→ Aim of the exercise
Repeat the listing exactly, minus the pictures.

→ Dataset content
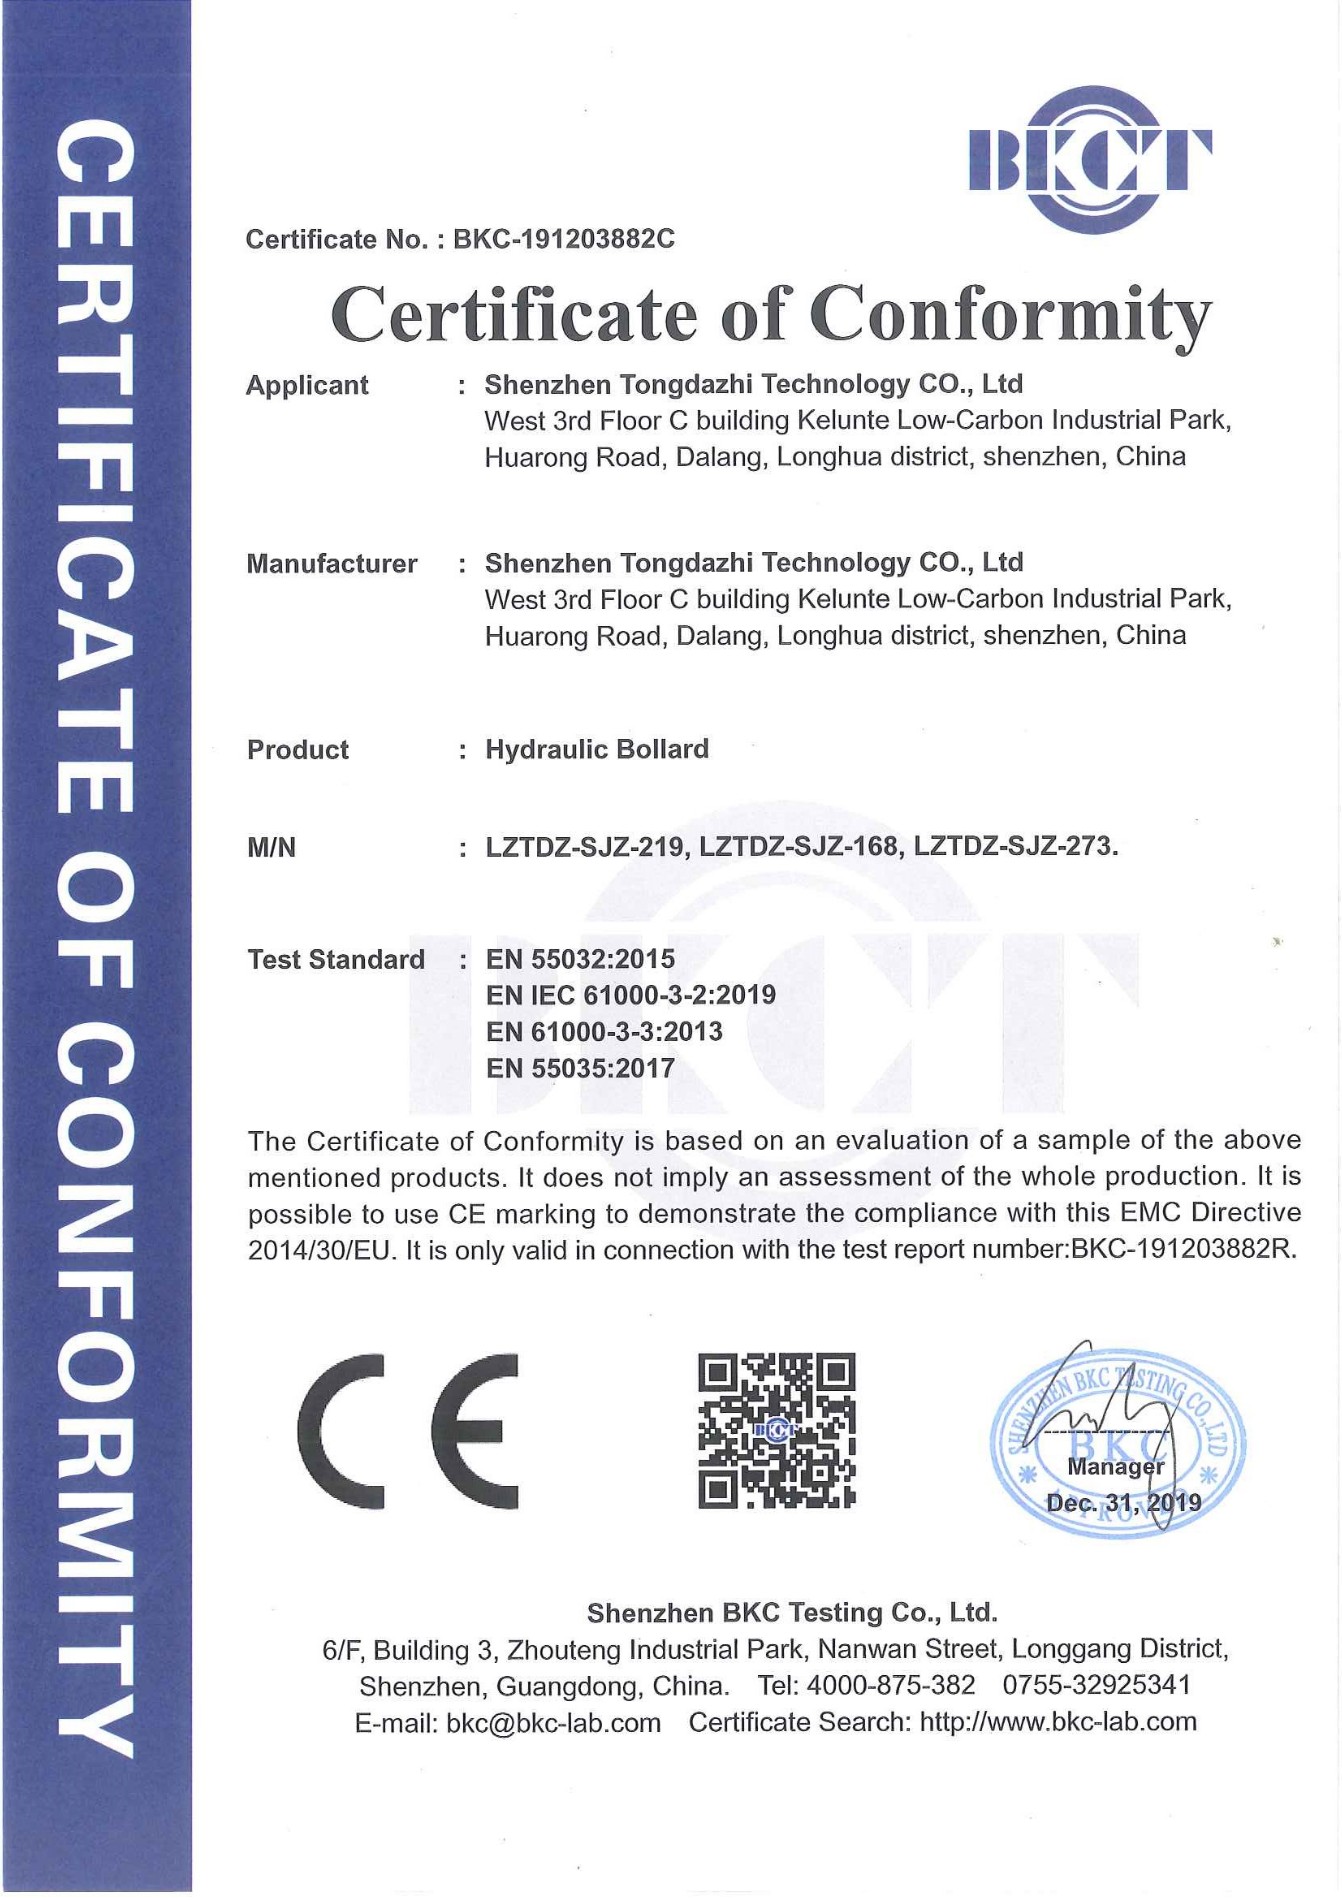 شهادة CE للحاويات الهيدروليكية
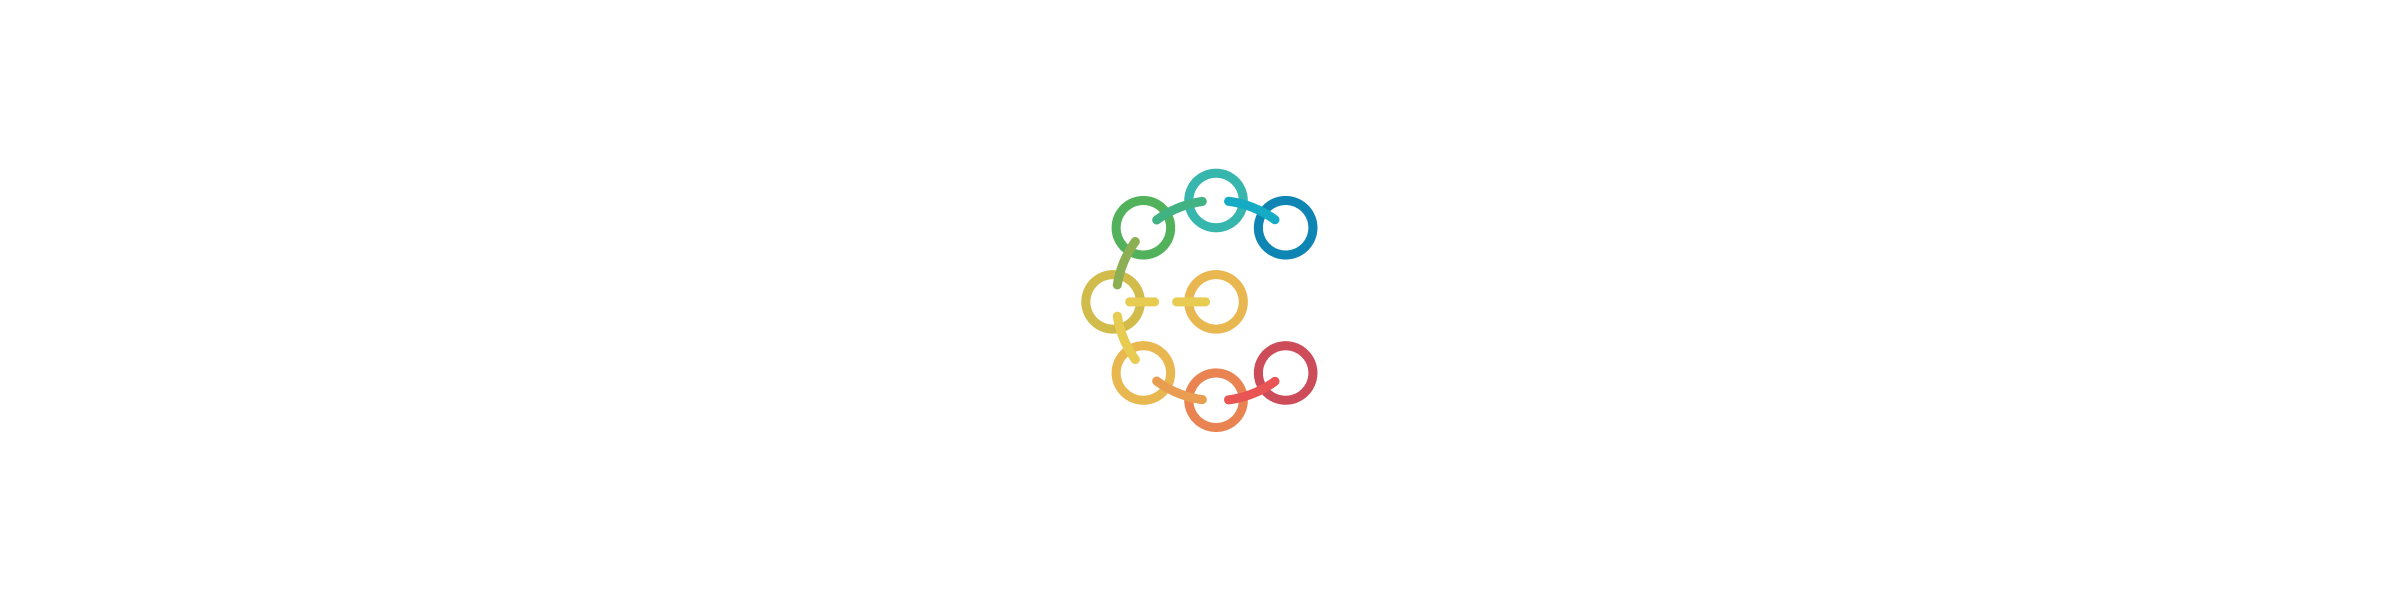 egatin logo design colorful variation
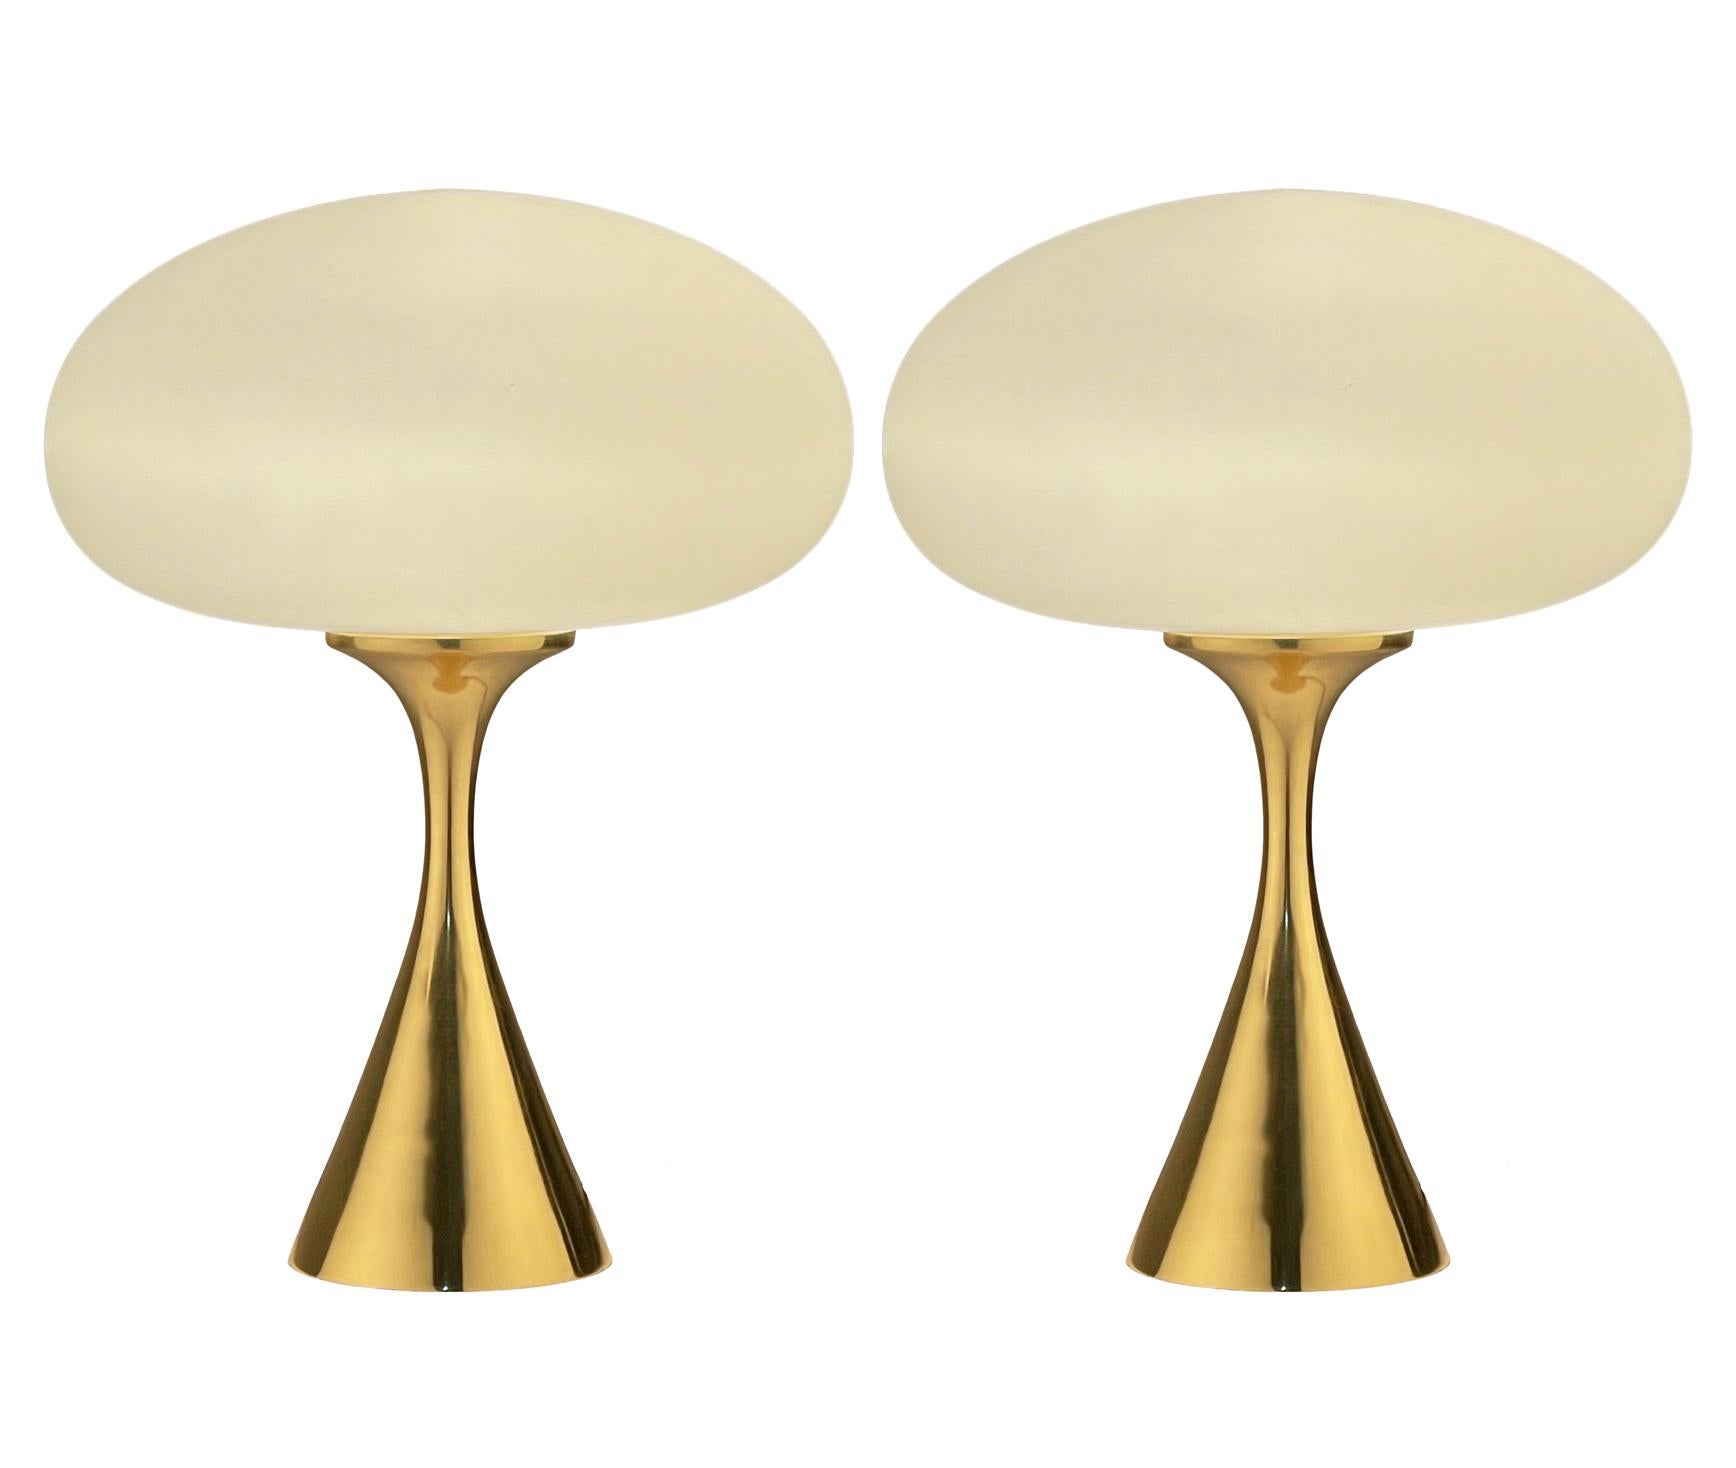 Une belle paire de lampes de table assorties en forme de champignon conique d'après Laurel Lamp Company. Les lampes sont dotées d'une base en fonte d'aluminium plaquée laiton et d'un abat-jour en verre dépoli soufflé à la bouche. Le prix comprend la

→ Answer to the problem
 شهادة CE للحاويات الهيدروليكية
 egatin logo design colorful variation
 Une belle paire de lampes de table assorties en forme de champignon conique d'après Laurel Lamp Company. Les lampes sont dotées d'une base en fonte d'aluminium plaquée laiton et d'un abat-jour en verre dépoli soufflé à la bouche. Le prix comprend la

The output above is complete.